Revert the behavior regression introduced as a result of SQ and QM: Remove torch.cuda.empty_cache, use calibration_forward_context #1114
When calibrating a model using the QuantizationModifier, quantization should be enabled when calibrating

Changes

Remove "disabling quantization" from the calibration forward pass
Add "disabling quantization" to the sequential pipelines in order to continue to disable quantization during calibration for GPTQ and SGPT
- When calibration pipelines become shared between modifiers, the decision of whether to disabling quantization during calibration will have to be moved to the calibration pipelines themselves. Some work needs to be done to demonstrate that GPTQ and SGPT do not suffer accuracy regression from enabling activation quantization during calibration (in theory, the change should increase accuracy)

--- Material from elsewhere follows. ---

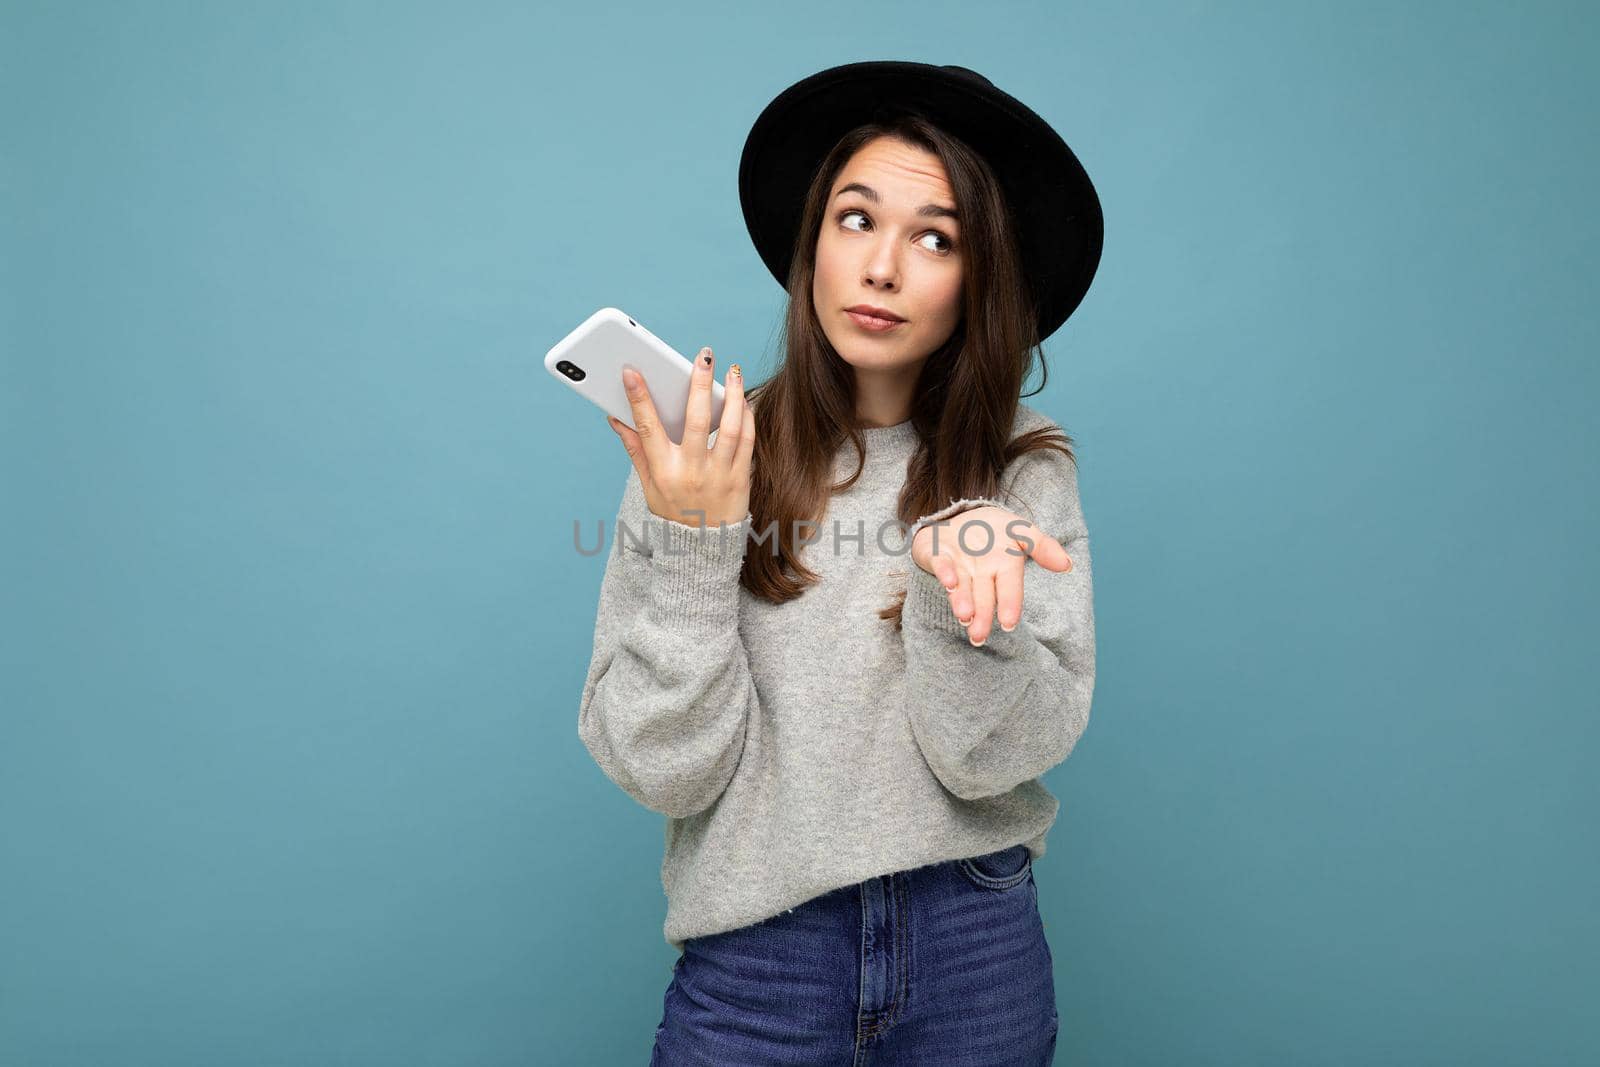 young asking dissatisfied brunette woman pointing hand at you wearing black hat and grey sweater holding smartphone looking to the side isolated on background.

Signed-off-by: Kyle Sayers <kylesayrs@gmail.com>

github-actions · 2025-03-29T15:12:57Z

👋 Hi! Thank you for contributing to llm-compressor. Please add the ready label when the PR is ready for review.

Note: This is required to complete the testing suite, please only add the label once the PR is code complete and local testing has been performed.

dsikka

Thanks, we should get this in for the next release.

Signed-off-by: Kyle Sayers <kylesayrs@gmail.com>

markurtz · 2025-03-31T17:01:16Z

If this fixes for release, that's great, but for the future, I think I'm missing some underlying assumptions here on why this is needed. I'm worried about general fragility for these and clarity of the code overall. Why do we need to disable completely and the modifiers aren't handling that logic properly?

src/llmcompressor/pipelines/layer_sequential/pipeline.py

kylesayrs · 2025-03-31T17:10:36Z

@markurtz Please see my comment in the description

the decision of whether to disabling quantization during calibration will have to be moved to the calibration pipelines themselves. Some work needs to be done to demonstrate that GPTQ and SGPT do not suffer accuracy regression from enabling activation quantization during calibration (in theory, the change should increase accuracy)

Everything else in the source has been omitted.